GENRE: Electronic
LABEL: Pressure Sounds
REVIEWED: July 24, 2024
The Stuttgart producer Michael Fiedler’s debut album under a new moniker distills ambient dub into a wispy, wraithlike form.
Back in 1994, tasked with curating the fourth volume of Virgin’s ambient series, Kevin Richard Martin coined a new subgenre when he dubbed the compilation Isolationism. Less a hard-and-fast category than a general air of desolation that might crop up in any number of contexts—drone, post-rock, industrial, and more—Isolationism cast a long shadow across subsequent decades of dark ambient. Yet Martin himself didn’t linger there. Though he has made many different types of music under many different aliases over the years, he became most closely identified with the industrial-strength dancehall that he records as the Bug. That range makes Michael Fiedler a natural fit for Martin’s Pressure label. Using aliases like Tokyo Tower and Jah Schulz, the Stuttgart producer has been turning out dub reggae for nearly two decades.

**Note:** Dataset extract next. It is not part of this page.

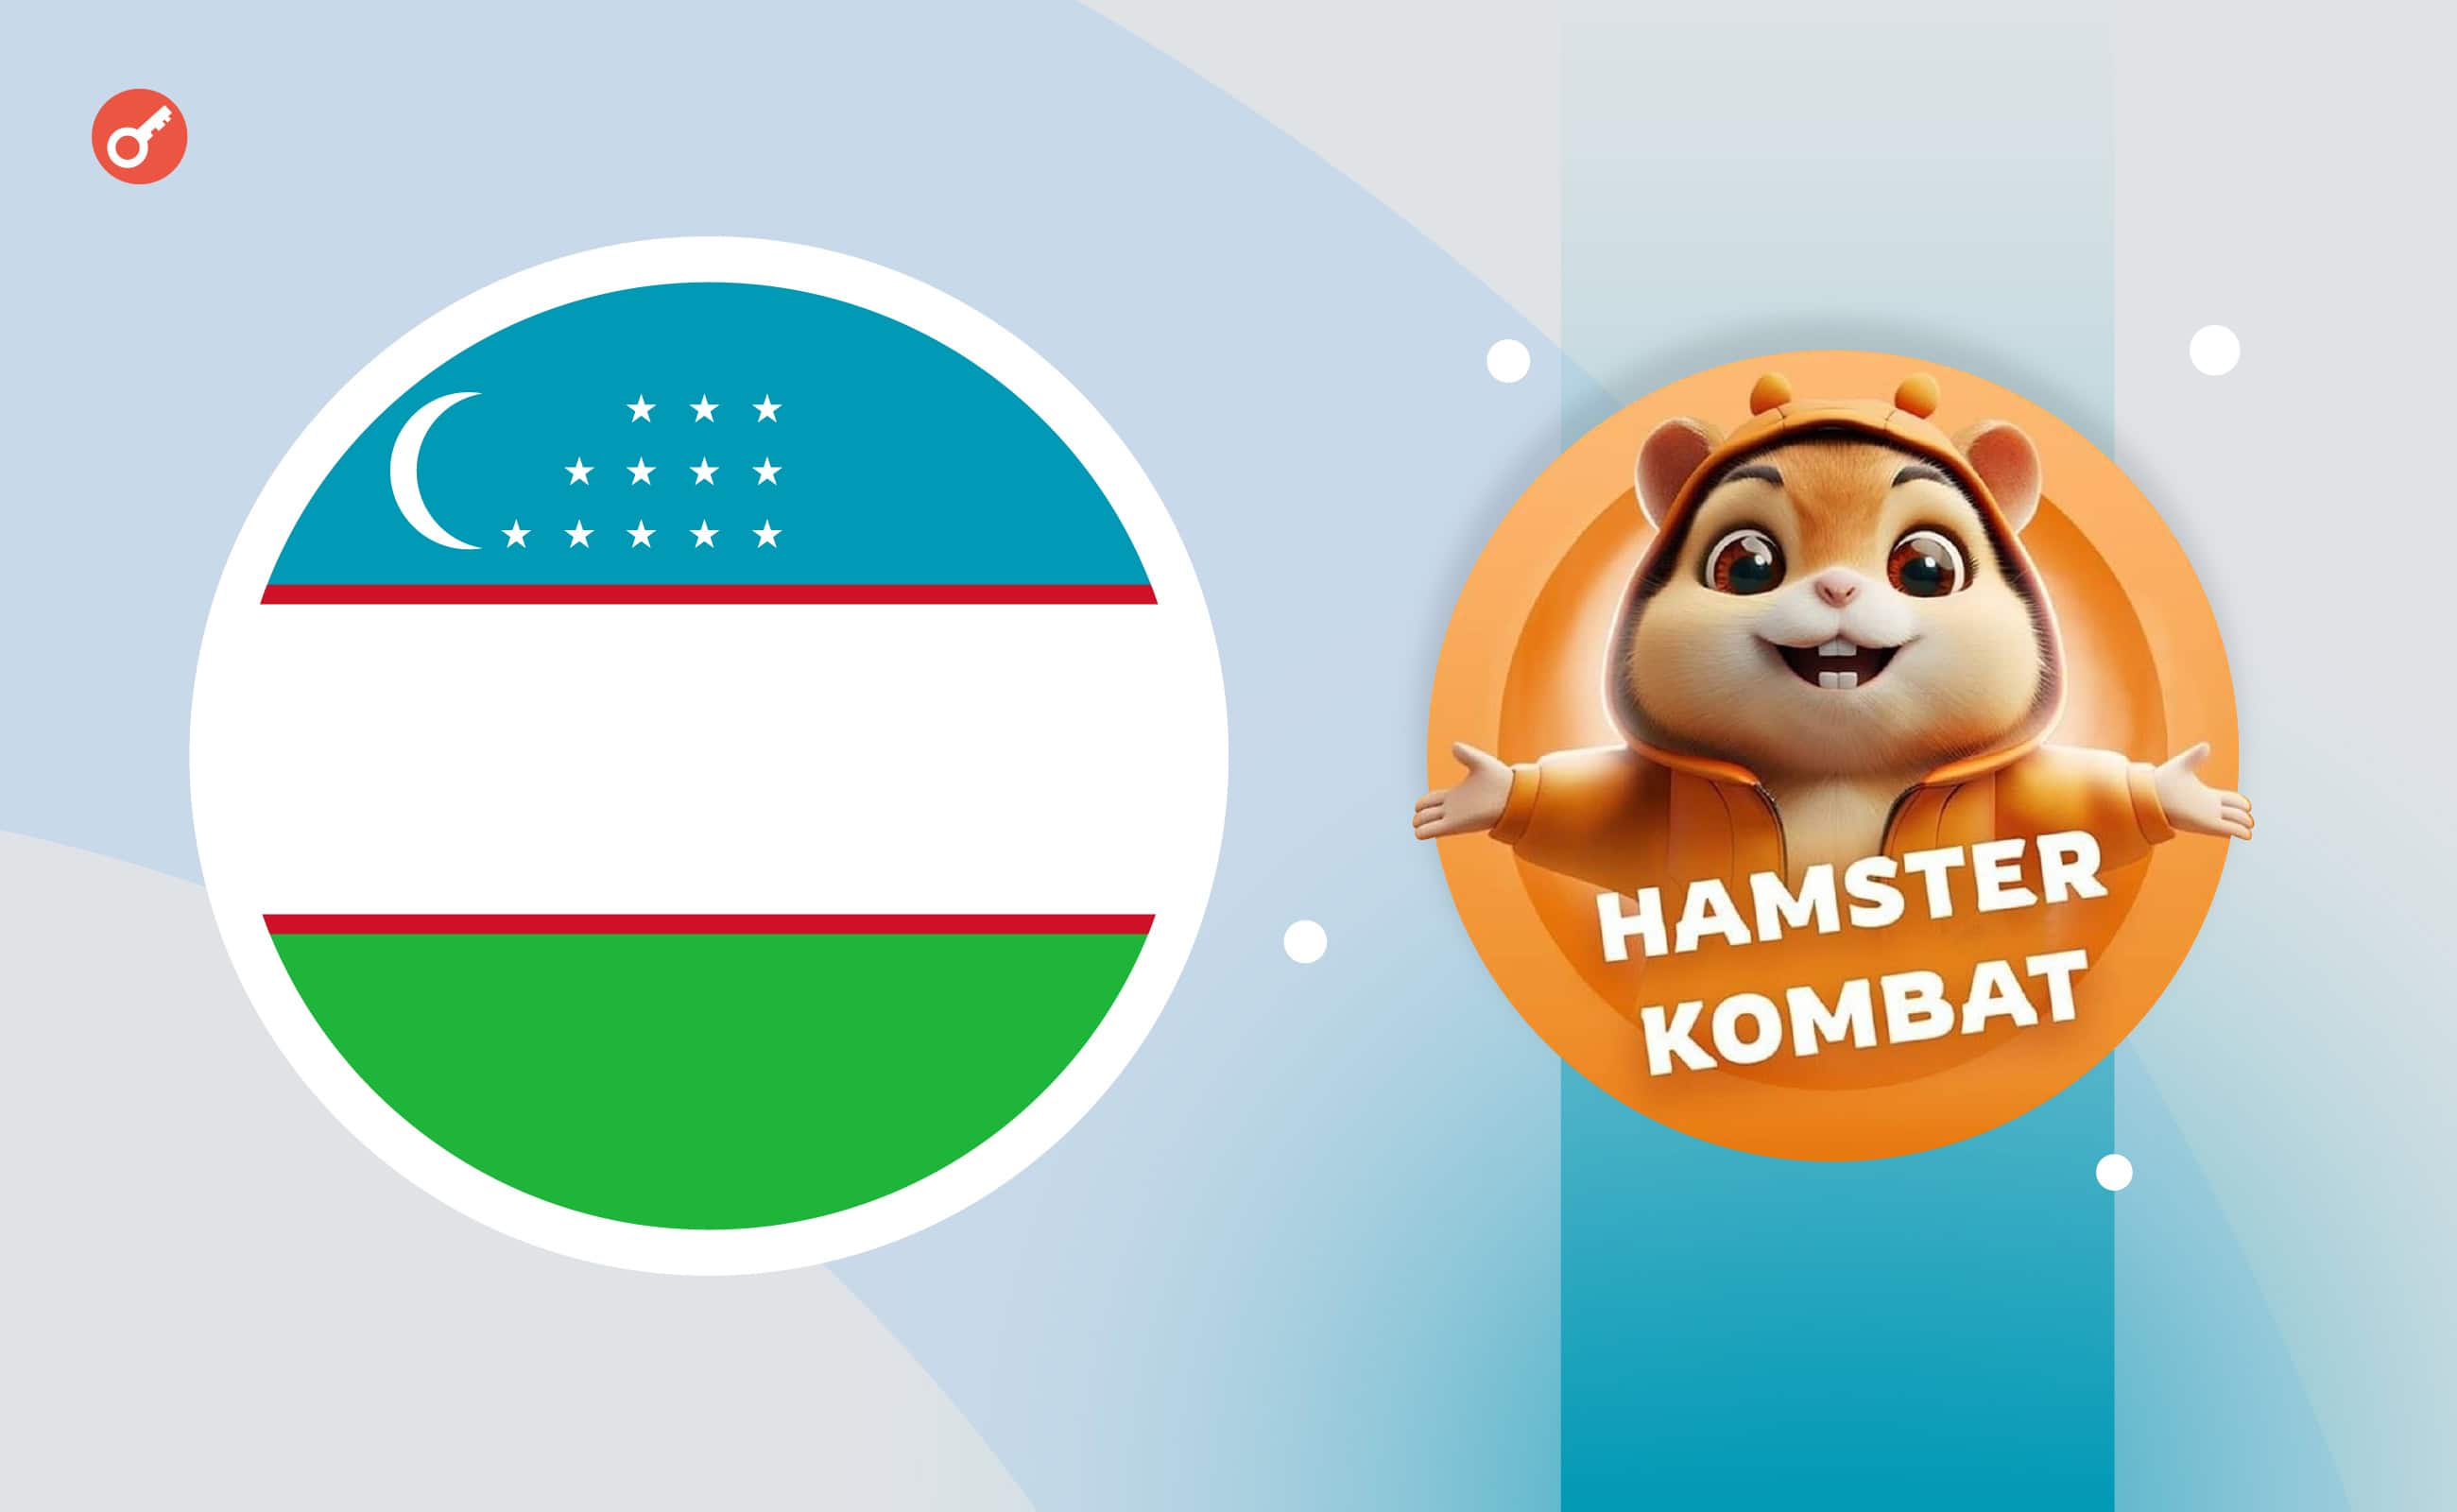 ЗМІ: в Узбекистані гравців Hamster Kombat саджатимуть у в’язницю. Головний колаж новини.

But in 2020, Fiedler began putting out a series of drone-driven ambient albums under his own name, tapping into the claustrophobic dread that haunted the original Isolation comp. The two sides of his musical persona now come together on his debut album as Ghost Dubs, a distillation of ambient dub into a wispy, wraithlike form.
Fiedler has been moving toward this sound for a while. On 2020’s Dub Over Science, he slowed his tempos and muffled his bass, luxuriating in the murk. But on Damaged, he takes that process to new extremes. This is dub compressed to the point of abstraction, everything extraneous stripped away. A uniform palette carries across the album: ultra-low sub-bass pressure, hi-hats sanded down to silvery streaks, an omnipresent crackling fizz. Monochrome chords slosh back and forth like water in a bucket; whatever they began as—guitar? keyboard?—now they’re just fleeting smudges smeared across the tape. The bass is remarkable—even at a relatively low volume, it seems to vibrate the walls, turning the room into a larger-than-life speaker cabinet. Yet Ghost Dubs’ sound is also remarkably refined, accentuating the contrast between crystalline details and a swollen low end that wants to devour everything in its path.
This is by no means an original sound—but then, things associated with reggae rarely are. The most obvious antecedent is the music that Basic Channel’s Mark Ernestus and Moritz von Oswald made as Rhythm & Sound, shifting from the club vestiges of their Chain Reaction label—home to ethereal recordings from Porter Ricks, Vainqueur, Vladislav Delay, and Shinichi Atobe—to a more vaporous vision of ambient dub, which gradually abandoned the “techno” half of dub techno. There are also echoes of Deepchord Presents Echospace’s The Coldest Season, a canonical ambient dub album from 2007; Pole’s alternately lilting and lurching studies in throb and crackle; and Andy Stott albums like Passed Me By and We Stay Together, whose air of Sisyphean effort anticipates the trudging uphill gait of Ghost Dubs’ agonizingly slow-motion grooves. Where Ghost Dubs stands out is in the intensity of his productions. Lots of people have tried their hand at this tradition, but few have achieved the heaviness, or the strangeness, of Ghost Dubs’ best work.
In “The Regulator,” a dogged 4/4 behemoth, the chords sound like something dredged up out of the murk. In “Dub Lobotomy,” a metallic loop of tone has been completely severed from its origins; the track’s maze-like acoustics suggest slamming doors, footsteps on cement, heavy objects being dragged downstairs. Vocals, when they appear, are no more than disembodied sighs. Some of the most captivating tracks are the most disorienting: “Second Thoughts” is little more than a fistful of coppery chords held up against a backdrop of substation hum, the kick drum stumbling and irregular, the form barely even recognizable as dub.
Not everything here is as memorable; in a genre like ambient dub, where there are few chords at the producer’s disposal, it all comes down to the novelty of the detailing. Over the course of the album’s 48-minute run, tracks invariably blur together. But given the hypnotic aspect of Ghost Dubs’ sound, I suspect that’s partly the point. And in any case, every so often a chord rings out in a way that sounds completely new. For me, it happened with “Dub Simulation,” the album’s penultimate track; outwardly, it barely differs from its companions, yet there’s something about the chord’s heft and proportions, at once pillowy and leaden, that immediately stood out. On tracks like that one, Ghost Dubs’ project feels like a formal experiment and a philosophical argument. The popular imagination frequently conflates reggae with sunshine and repose—prelapsarian idyll as stoned fantasy. But what if it were really the soundtrack to darkness, struggle, and enervation? That’s the sound of Damaged, channeling the friction between sensuous pleasure and strenuous physical effort into a virtual boulder of a sound—massive, smooth to the touch, and stubbornly unyielding.